Paul Goldberger, the architecture critic for the New Yorker, wrote a book last year (for the local book-makery) that I devoured on Tuesday, in between the end of the long weekend in Pittsburgh. (It was time for some much-enjoyed quiet time, first at Pamela's Diner in Oakland over coffee, then in a characterless reading room of the Carnegie Library, and finally in a couple of airports and planes.) I found it to be a great read, particularly since I love the arts but know next to nothing about architecture. Goldberger gives a fine introduction, not in a didactic way but by suggesting a bunch of avenues of approach when you think about architecture.

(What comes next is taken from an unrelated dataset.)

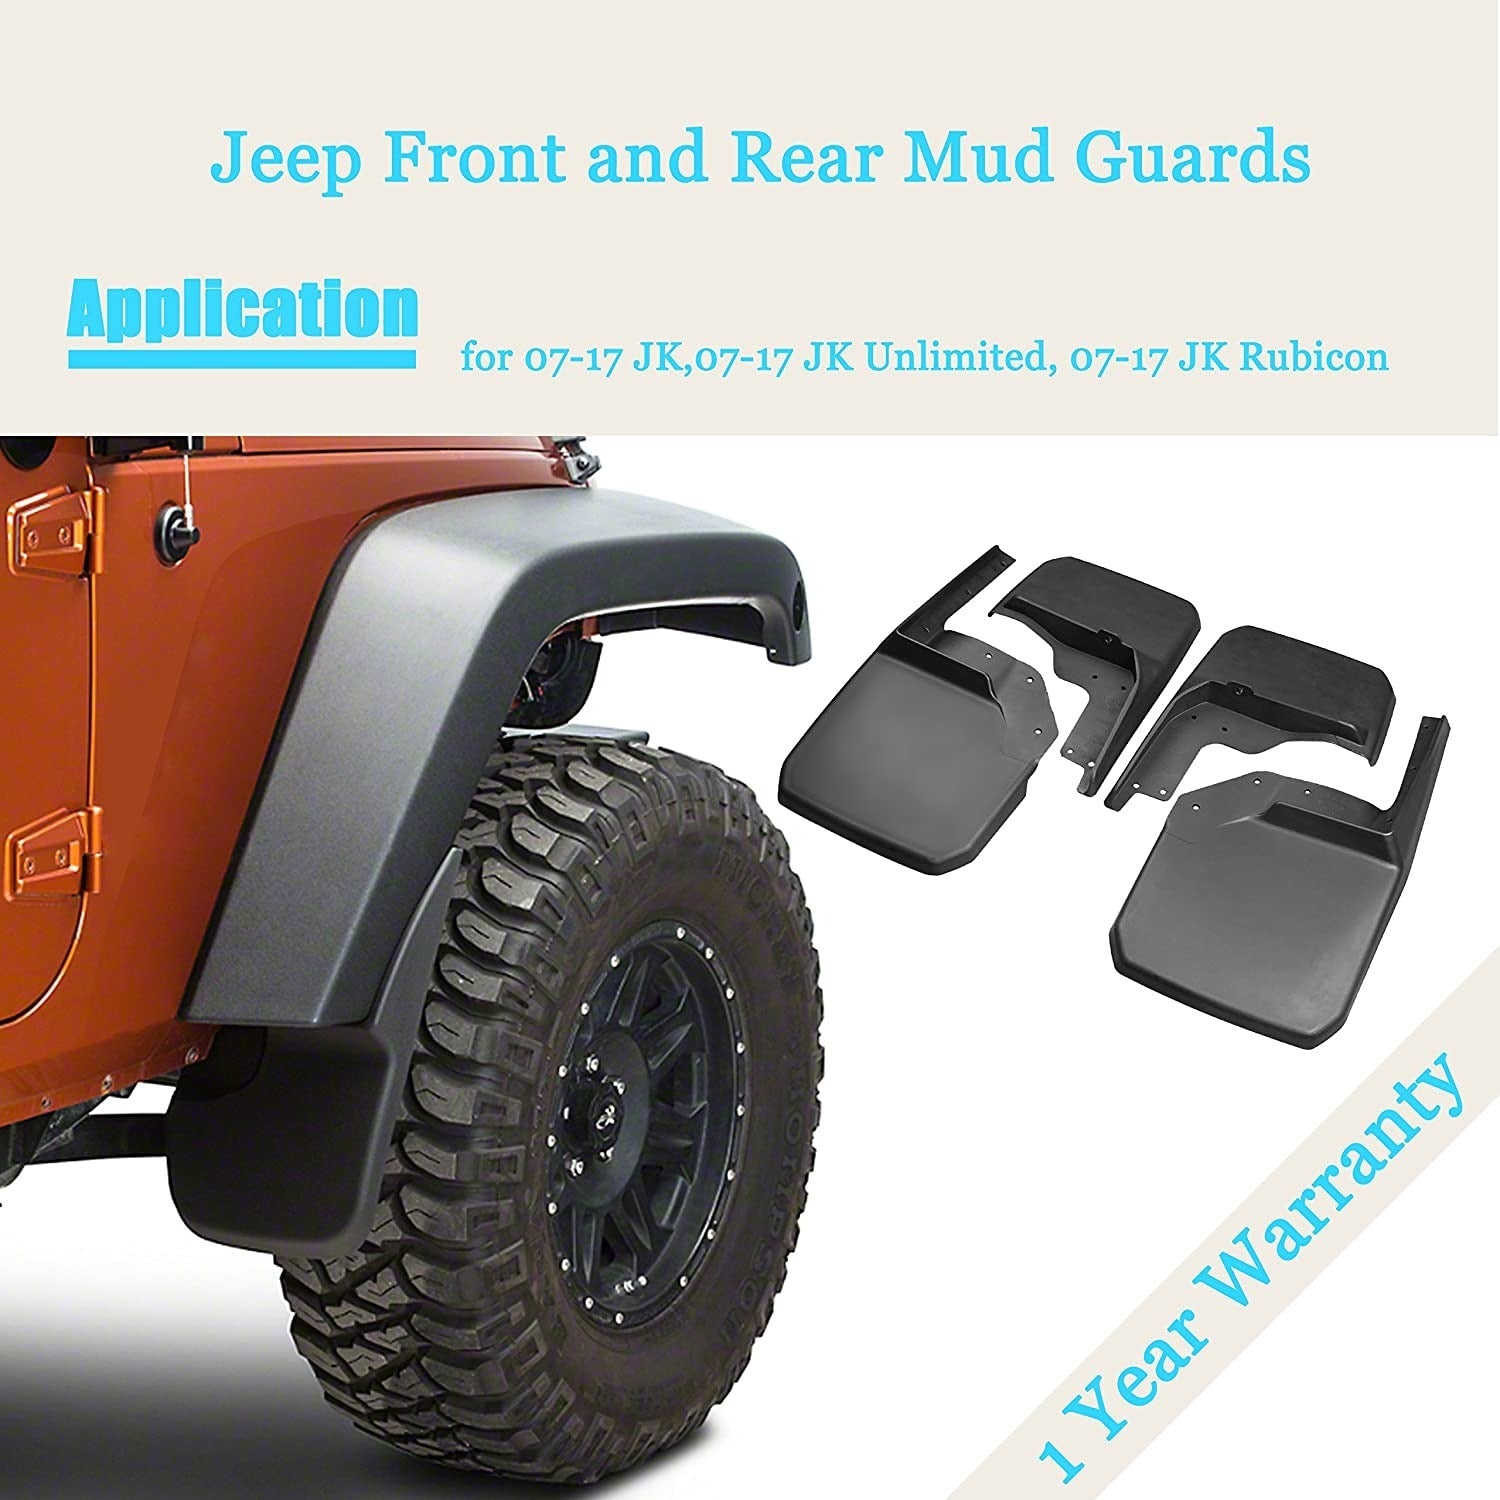 Mud Flap/Splash Guard for Jeep Wrangler JK – OffGrid Store

And crucially for any writer about anything in the world, he constantly expresses both the excitement of appreciating his topic at hand, and he makes you immediately want to experience the tangible discussion pieces firsthand. (Good food writers do this and good music writers do this, in particular.)

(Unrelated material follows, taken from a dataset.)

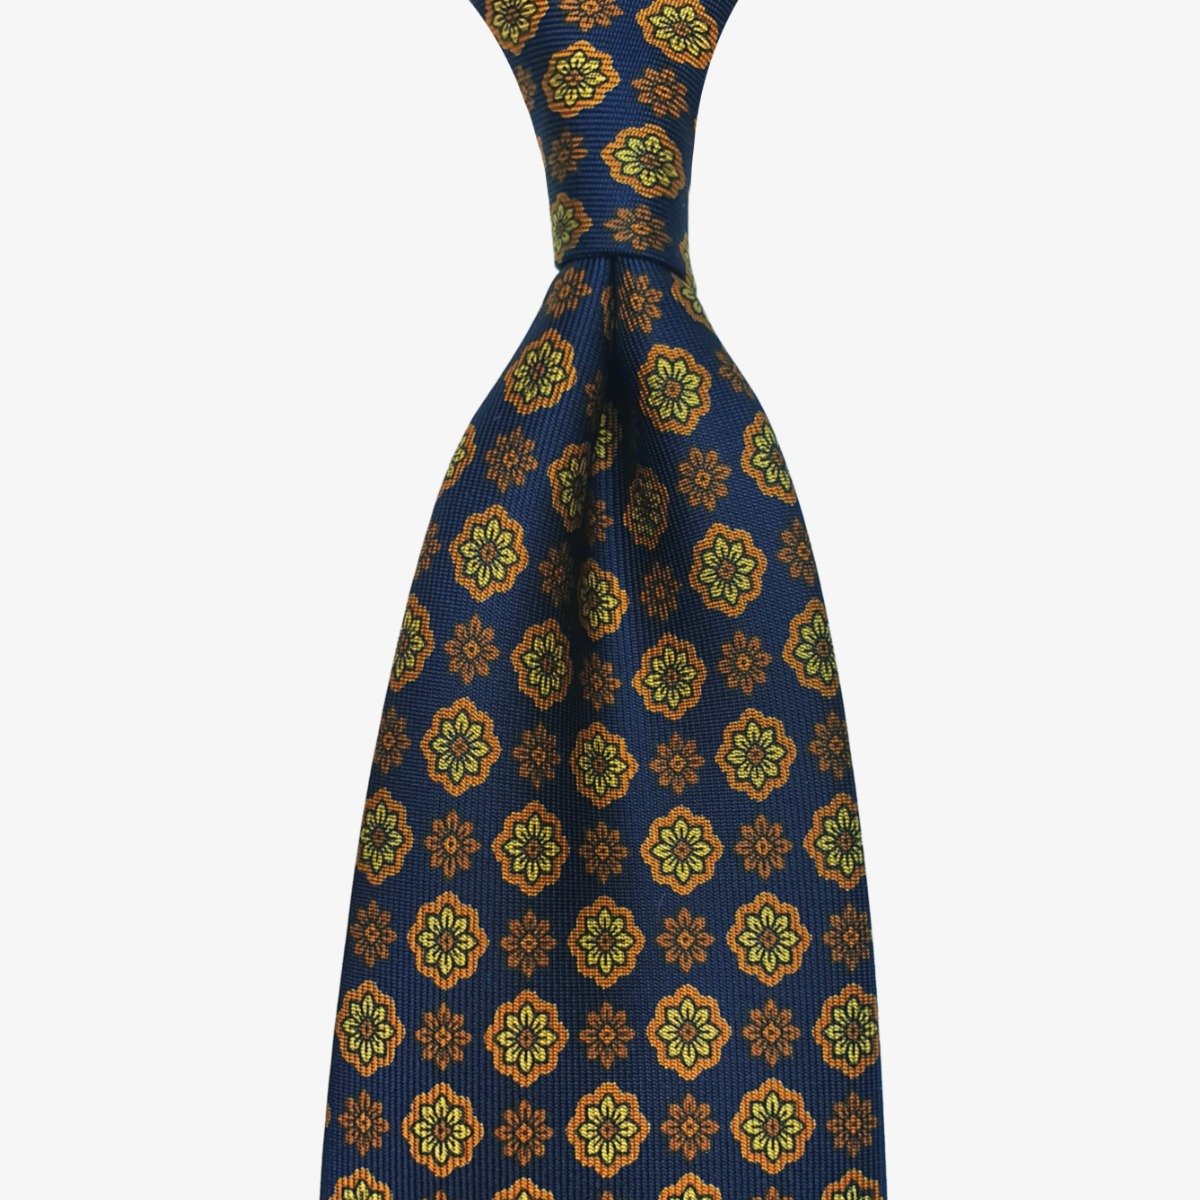 Shibumi Firenze navy blue silk tie with yellow flowers

He makes a particularly generous example of the Lincoln Memorial. Here's this completely familiar structure, which doesn't immediately suggest architectural daring, particularly for the early 1920s, when it was built. Goldberger:
The Lincoln Memorial ... is obviously a Greek temple in one sense, and in another it is not a Greek temple at all. The architect Henry Bacon created a masterwork that in many ways is as inventive and original as the modernist buildings created in Europe at the same time. ...

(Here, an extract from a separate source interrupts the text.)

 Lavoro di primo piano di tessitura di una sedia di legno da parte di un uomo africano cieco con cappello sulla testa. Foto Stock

Bacon started with the Parthenon, yet he all but turned it inside out. The Lincoln Memorial is not a structure supported by columns, like a Greek temple, but more of a marble box surrounded by a colonnade. The walls are set inside, behind the columns, and they shoot straight up beyond them. The effect ... is of a classical coating applied to a brooding, almost primal geometric form. There is no attempt, then, to mimic the appearance of a real Greek temple; it is hard not to think that Bacon's real interest was to communicate the power of abstract form and the strength of silence. ...

To better balance the Capitol at the other end of the Mall, Bacon rotated his temple so that the long side served as the main facade and entrance, not the short end as at the Parthenon. He also eliminated the gabled attic present in real Greek temples ("attic" means Greek top), replacing it with a flat roof, rendering the building all the more abstract. ... The vocabulary of historical style can be used much more creatively than pure replication. In this case Bacon combined urbanistic concerns with scenographic ones to yield a building of startling grandeur and self-assurance.

The picture of the Lincoln Memorial immediately "pops" for me after this -- the austere central box, the structurally separate columns solemnly clothing it. The perspective changes the gravity of the building and its experience in general. I'll have to see it again now, possibly (as Goldberger notes a couple of times) at night, when its contrasts are played up even more.

Goldberger also has very positive things to say about Yale's famed neo-gothic architecture, which I'd really written off in my mind by now as ridiculously pretentious (except for buildings containing particularly good carillons.) So I will need to look around with a more open mind again. Grudgingly, I may even try the same for Paul Rudolph's concrete eyesore of a School of Architecture building. The Ingalls Rink I've got plenty of existing enthusiasm for already.